Match Group, the parent company of dating app Tinder, released its first ever earnings report on Tuesday, and despite missing analyst expectations on revenue, banks are feeling confident about the app’s ability to make money.
The concept behind Tinder is simple: you swipe right when you see someone you like, and if they also right-swiped you then you match and can start talking.
Tinder is now focusing on turning that model into a viable business that can bring in advertising money from paid campaigns, as well as income from users who sign up to a paid version of the app.
Deutsche Bank said in an analyst note about IAC, the large internet company that spun out its dating properties into Match group, that “Tinder is a real business. We get it.”
The stock market, however, wasn’t so bullish on Match Group. The company’s shares were down 16% on Thursday, which followed a 13% drop the day before. The revenue miss in Match’s first ever earnings report hurt the stock hard.

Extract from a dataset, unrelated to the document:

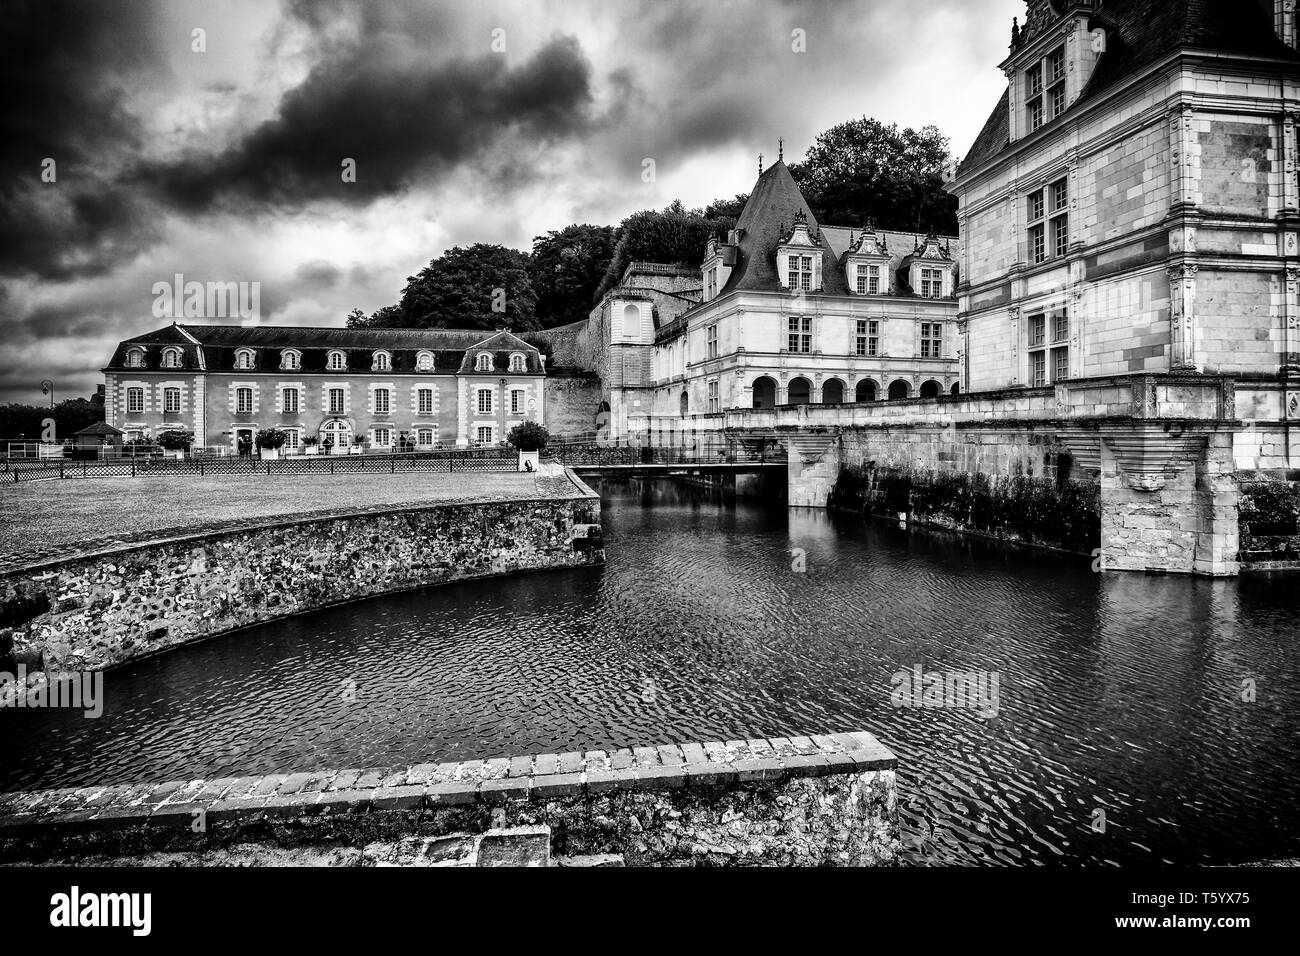 Black and white photo of Villandry castle and its' gardens in France. Amazing Chateau de Villandry of Loire Valley, Indre-et-Loire region in France Stock Photo

Match Group disclosed some numbers about Tinder during its earnings call. It said that more than 60% of Tinder users come from outside North America, according to Goldman Sachs.
One number that Match Group didn’t disclose during its earnings call was how many people pay for Tinder. Tinder Plus costs around $2.99 (£2.05) a month for users who want access to extra features like more “super likes” (a way to show someone that you liked them before they have swiped you) — but that price increases to $19.99 (£13.71) a month for users over the age of 30.
JMP Securities published an analyst note on March 31, 2015 that predicted Tinder would have 1.6 million paying users by 2016. But current estimates of the app’s paid userbase are far lower: Goldman Sachs estimates that the app has 900,000 paying members, and Wells Fargo says Tinder has around 805,000 paid-up members.
Analysts are positive about Tinder, though. BMO highlighted the advertising opportunities and viral growth of Tinder, as well as the mainstream adoption of online dating. Deutsche Bank said that “Tinder is the key to the bull case and outperformed expectations.” And Wells Fargo said “we believe high level of Tinder engagement sets stage for regularly paced product improvements, feature launches, and future ramp of advertising revenue.”
However, Barclays suggested that it could be tough for Tinder and other Match Group products to meet their guidance for the current quarter. “We believe management’s 2016 guidance will require near seamless execution that could be difficult to achieve amid heavy competition, particularly on mobile,” the bank said.